The color drained from Vance’s face. It wasn't a slow fade; it was a plummet.

"You..." Vance sputtered, looking around to see who was listening. "That’s slander. I’ll have your license."

"Technically, it's racketeering," Juno corrected lightly, flicking an invisible piece of lint off Vance’s lapel.

"And we found the transaction logs for the scout you hired to film Rowan’s mother.

The payment routing number leads directly to your personal HSBC account. Sloppy, Julian. Really sloppy."

Juno leaned in, his lips inches from Vance’s ear, but his eyes locked on mine.

"You called her a secretary," Juno whispered, his voice ice-cold now. "But she just mapped your entire financial anatomy while you were busy picking out your tie. She isn't the help, Julian. She's the executioner. We're just the blade."

Vance took a step back. Then another. He looked at me, really looked at me, and for the first time, I didn't see contempt. I saw fear.

He looked at the unmoving wall of Mateo, the silent, observing Stephen, and the smiling, scentless nightmare that was Juno.

"You're insane," Vance hissed. "All of you."

"Enjoy the party," Juno said cheerfully. "I hear the appetizers are deductible."

Vance turned and fled. He didn't walk away; he retreated, disappearing into the crowd toward the exits, checking his phone frantically as he went.

I let out a long, steady breath. My knees felt weak, not from fear, but from the adrenaline dump.

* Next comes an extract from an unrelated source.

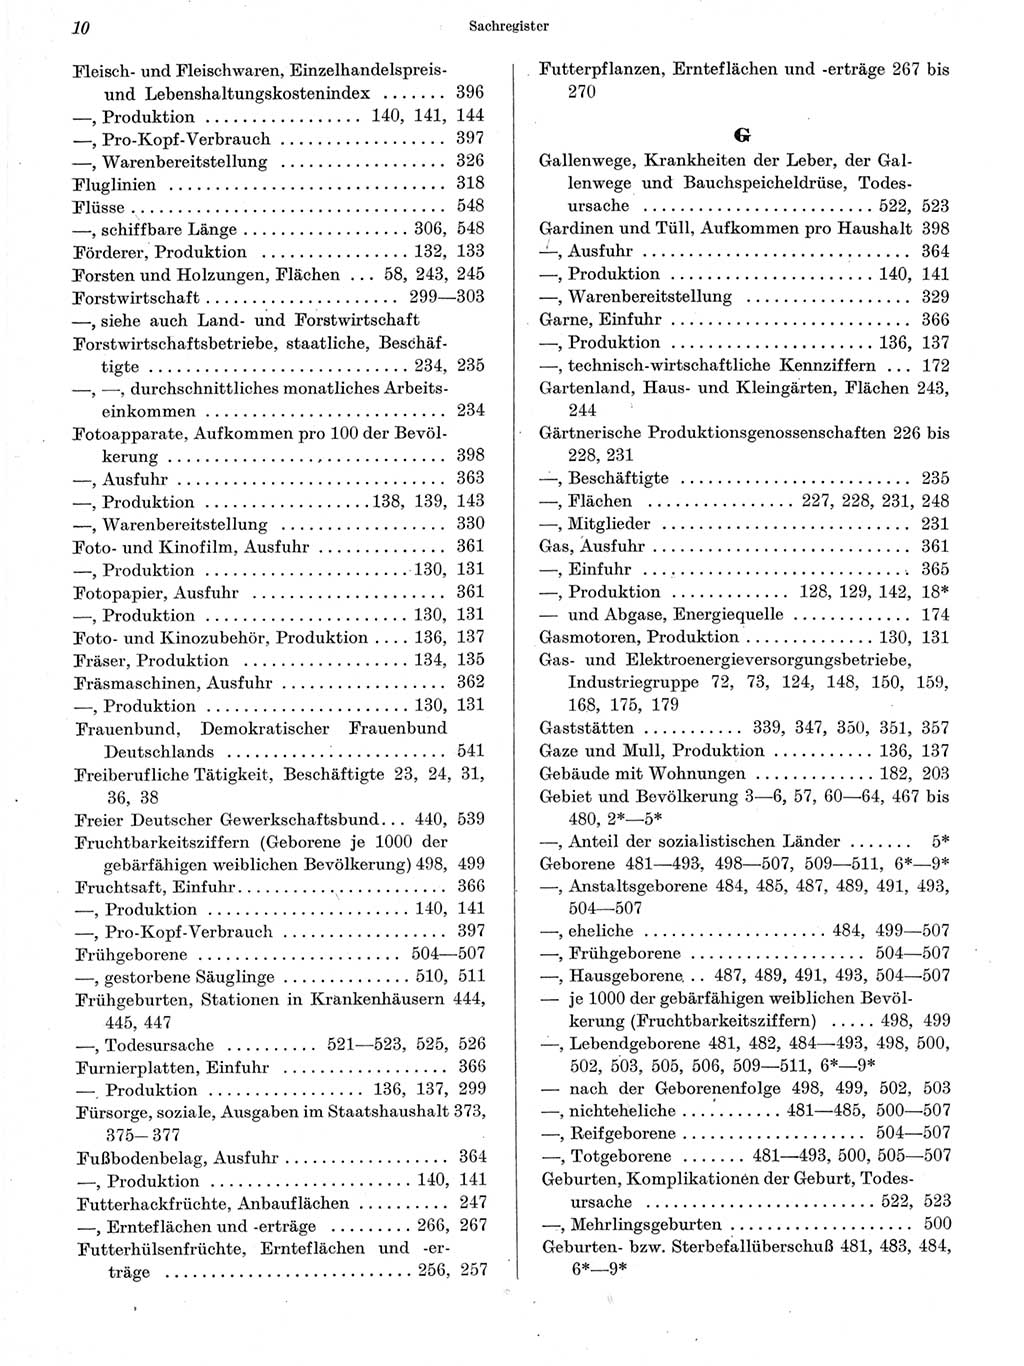 Statistisches Jahrbuch der Deutschen Demokratischen Republik (DDR) 1963, Seite 10 (Stat. Jb. DDR 1963, S. 10)

"Target neutralized," Mateo grunted, relaxing his stance by a fraction of an inch.

"Viscerally satisfying," Stephen noted, adjusting his glasses.

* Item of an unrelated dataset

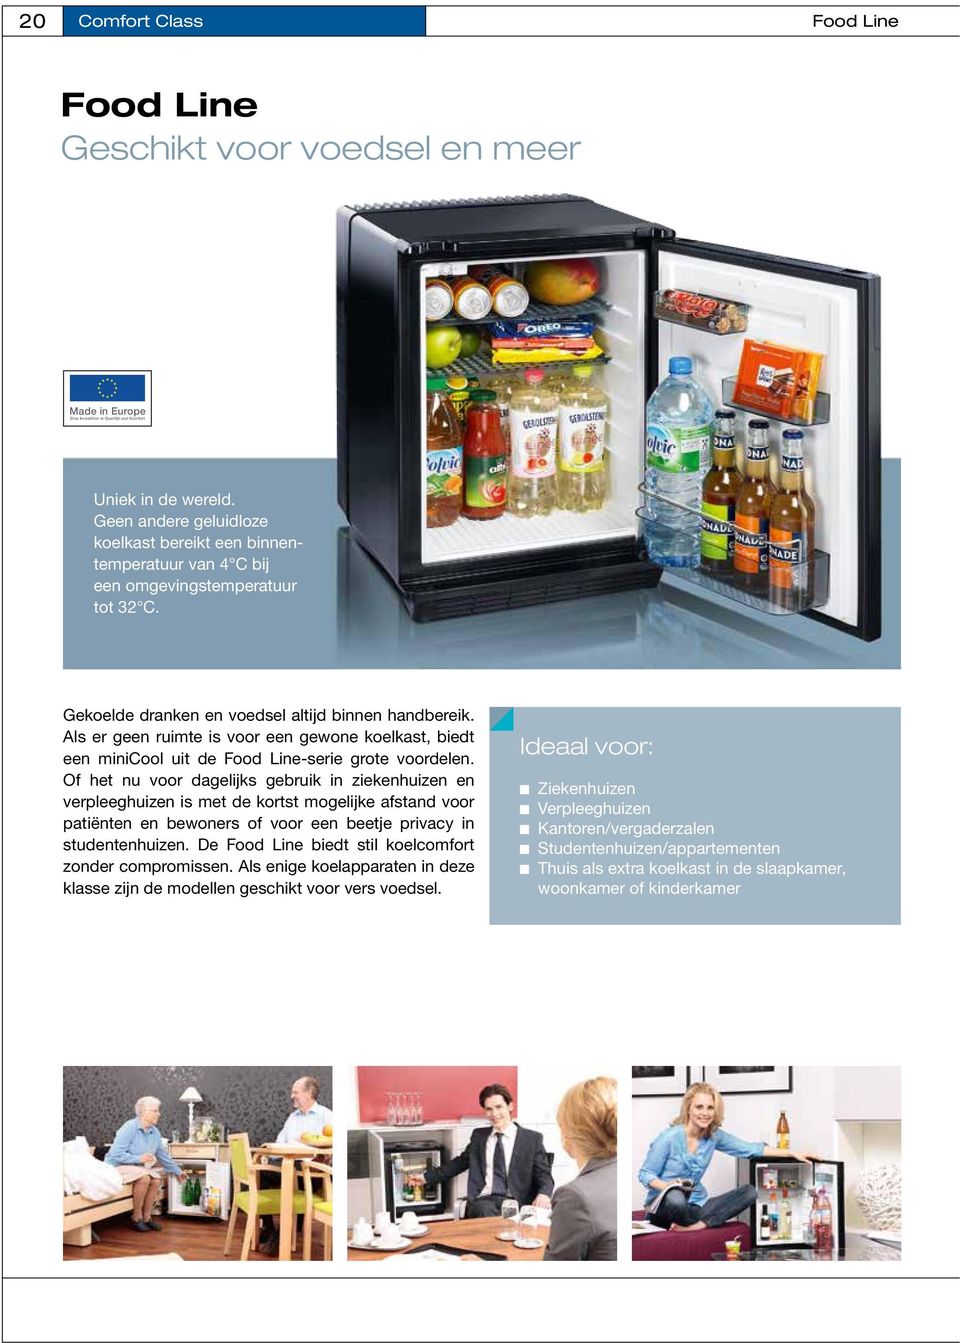 Als er geen ruimte is voor een gewone koelkast, biedt een minicool uit de Food Line-serie grote voordelen.

Juno turned to me. The shark-smile vanished, replaced by a cool, assessing gaze. He scanned my face, checking for cracks in the porcelain.

"Are you intact?" he asked.

"I'm..." I swallowed, the image of Vance’s terrified face burning in my mind. "I'm fine. He looked... small."

"He is small," Juno said. "You just finally have the right perspective."

He checked his watch, the moment over, the mask sliding back into place.

"We’ve made our appearance," Juno stated, his tone shifting back to clipped, professional efficiency. "The photos will be on the wire in ten minutes. The narrative is established: you are unbothered, wealthy, and protected. Now we leave before he calls his lawyers."

We turned to go.

As we moved toward the exit, presenting a unified wall of black silk and tailored wool against the flashing cameras, I felt a hand settle on the small of my back.

It was Juno.

His hand was warm through the silk of my dress. It wasn't a polite steering gesture. It was firm. Possessive. His fingers spread wide, the thumb pressing into the curve of my spine, branding me. It was a claim. Mine. With us.

My breath caught in my throat, a sharp hitch that had nothing to do with the corset and everything to do with the sudden, overwhelming awareness of him. The heat of his palm seemed to burn straight through the couture armor.

I glanced up at him, my heart hammering a new, erratic rhythm.

Juno didn't look down. He was already looking at the exit, his phone pressed to his ear, his profile sharp and unyielding.

"Car out front in thirty seconds," he was saying into the device, his voice all business, cold and detached.

But his hand didn't move. He kept it there, anchoring me, guiding me out of the lion's den and into the night, united.